Lasem — Madrasah Aliyah Negeri (MAN) 2 Rembang melaksanakan upacara bendera dalam rangka memperingati Hari Kartini pada Selasa, 21 April 2026. Kegiatan yang berlangsung dengan khidmat tersebut diikuti oleh seluruh warga madrasah sebagai bentuk penghormatan terhadap perjuangan Raden Ajeng Kartini.
Bertindak sebagai pembina upacara, Ibu Anik Yunita, S.Pd., menyampaikan amanat yang sarat makna. Dalam pesannya, beliau mengajak seluruh murid, khususnya perempuan, untuk meneladani semangat Kartini dalam kehidupan sehari-hari. “Jadilah Kartini yang kuat dan jujur,” tegasnya.

Peringatan Hari Kartini bukan sekadar seremonial, melainkan momentum untuk merefleksikan kembali perjuangan panjang Kartini dalam memperjuangkan hak-hak perempuan. Semangat pemikiran Kartini terbukti tidak hanya menjadi pendobrak keterbatasan peran perempuan pada masanya, tetapi juga tetap relevan lintas generasi hingga saat ini. Semangat Kartini masa kini tidak hanya tentang membuka akses, tetapi juga memastikan perempuan memiliki pilihan, suara, dan kendali atas hidupnya. Semboyan legendaris Kartini, “Habis gelap, terbitlah terang.” Terang tersebut tidak hadir dengan sendirinya, melainkan harus diwujudkan melalui keberpihakan, keberanian, dan kerja nyata bersama.
Dalam kesempatan yang sama, suasana haru turut menyelimuti upacara melalui sambutan perpisahan dari Bapak Sholeh, S.Pd., guru Matematika MAN 2 Rembang yang memasuki masa purna tugas.

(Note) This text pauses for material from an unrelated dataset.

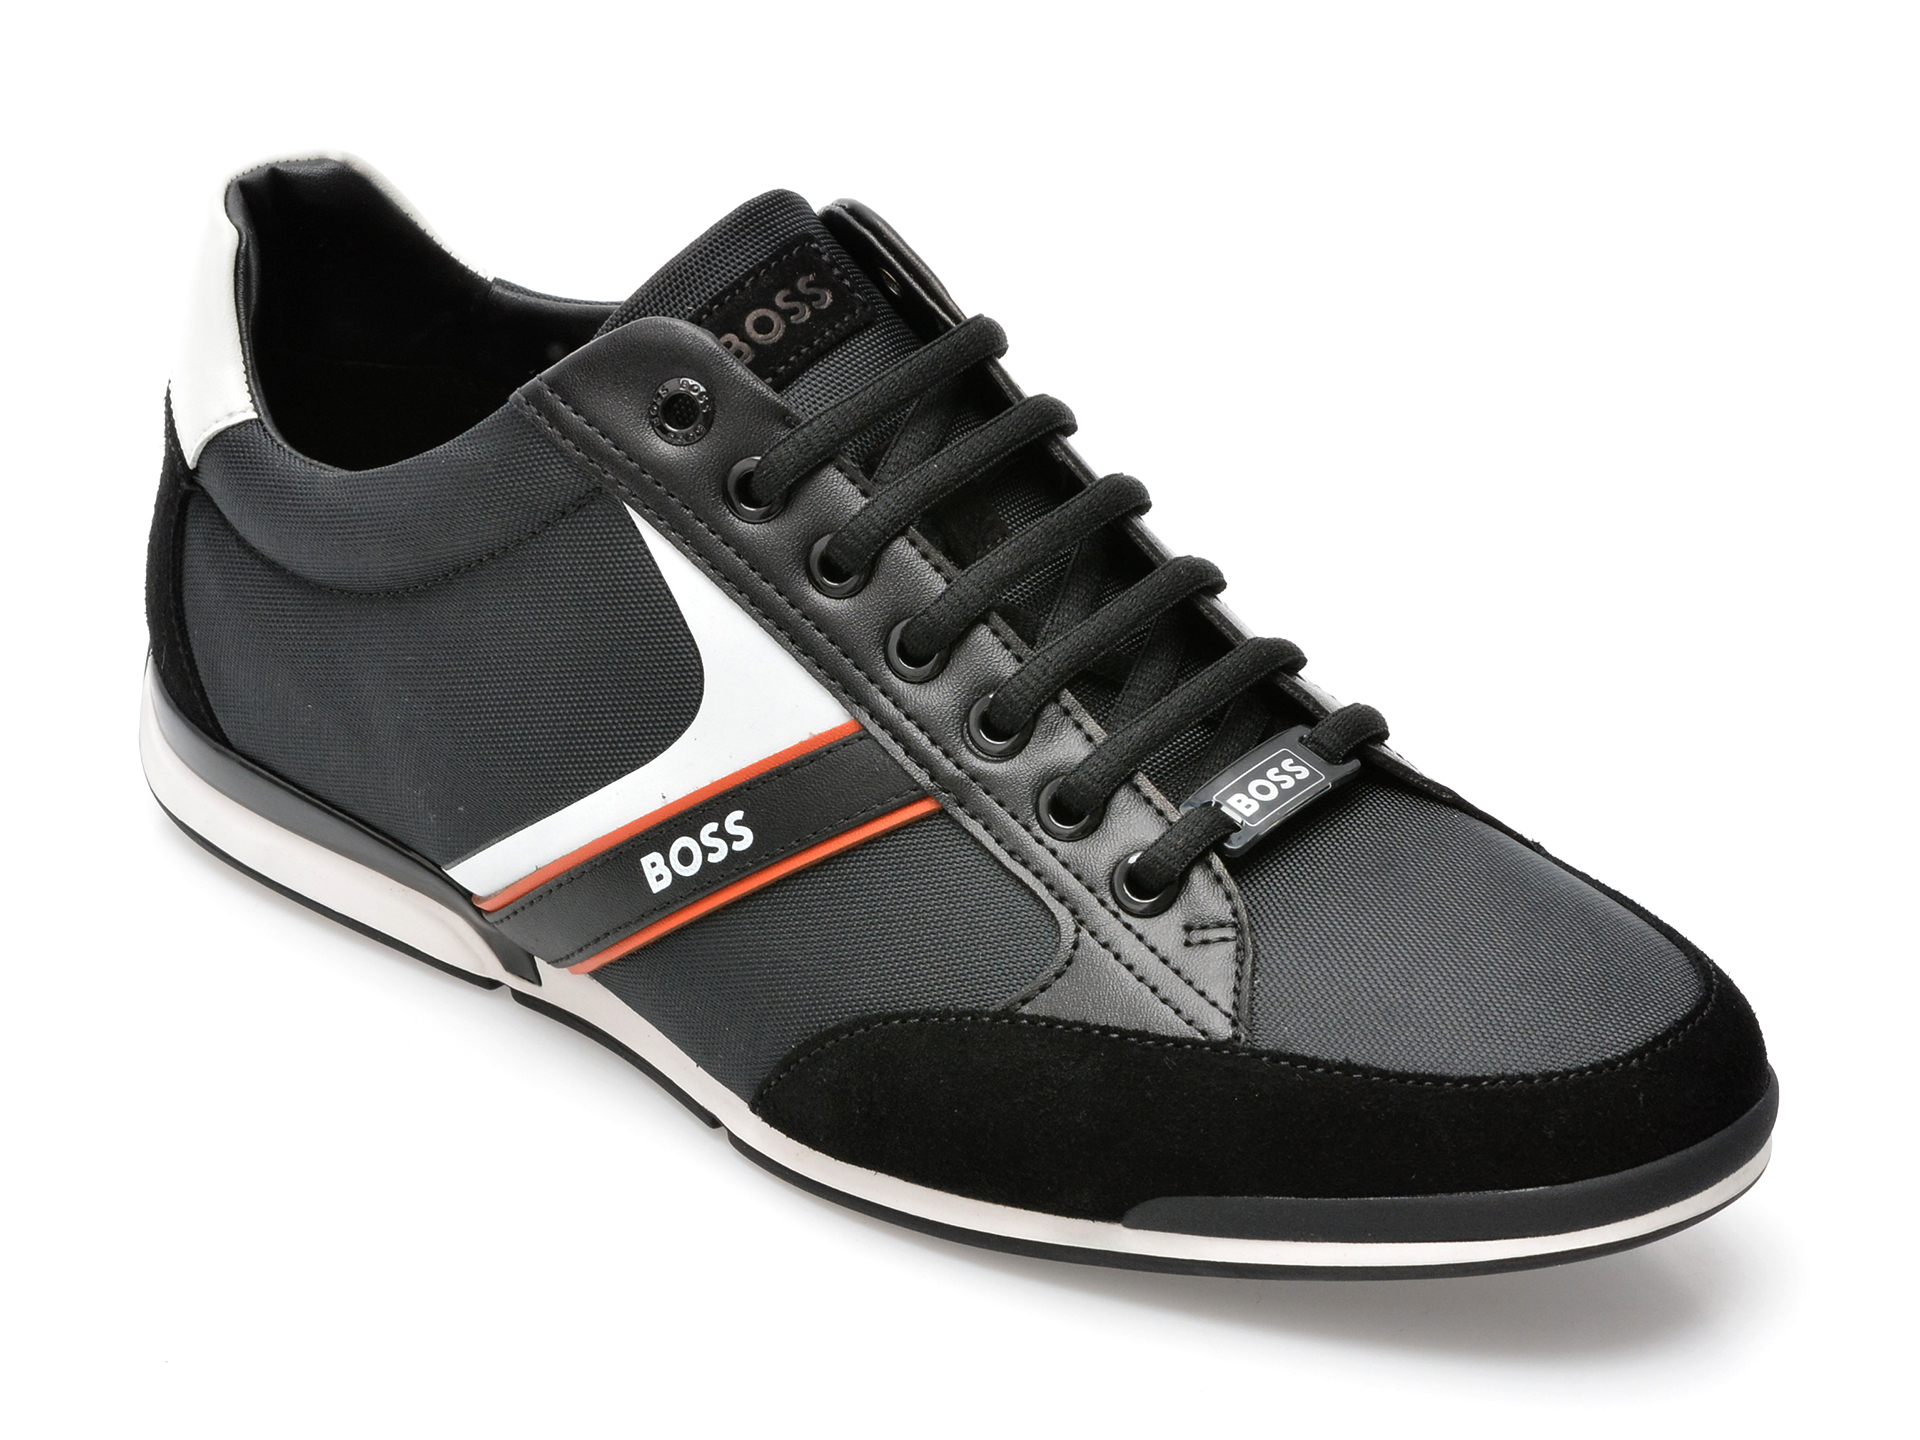 Pantofi sport HUGO BOSS negri, 1235, din material textil si piele naturala /barbati/pantofi

Dalam pesannya, beliau menyampaikan permohonan maaf kepada siswa kelas X dan XI serta memberikan doa terbaik. “Semoga kalian menjadi anak yang sukses di dunia maupun di akhirat,” ujarnya.

Rangkaian kegiatan semakin meriah dengan pembukaan lomba dalam rangka memperingati Hari Kartini yang secara resmi dibuka oleh Wakil Kepala Madrasah Bidang Kesiswaan, Bapak Muslihul Afif, S.Ag. Pembukaan ditandai dengan prosesi simbolis pemecahan kendi yang disambut antusias oleh para peserta.
Peringatan Hari Kartini di MAN 2 Rembang tahun ini tidak hanya menjadi ajang mengenang jasa pahlawan, tetapi juga sebagai sarana menumbuhkan semangat kesetaraan, keberanian, dan kontribusi nyata bagi generasi muda, khususnya perempuan.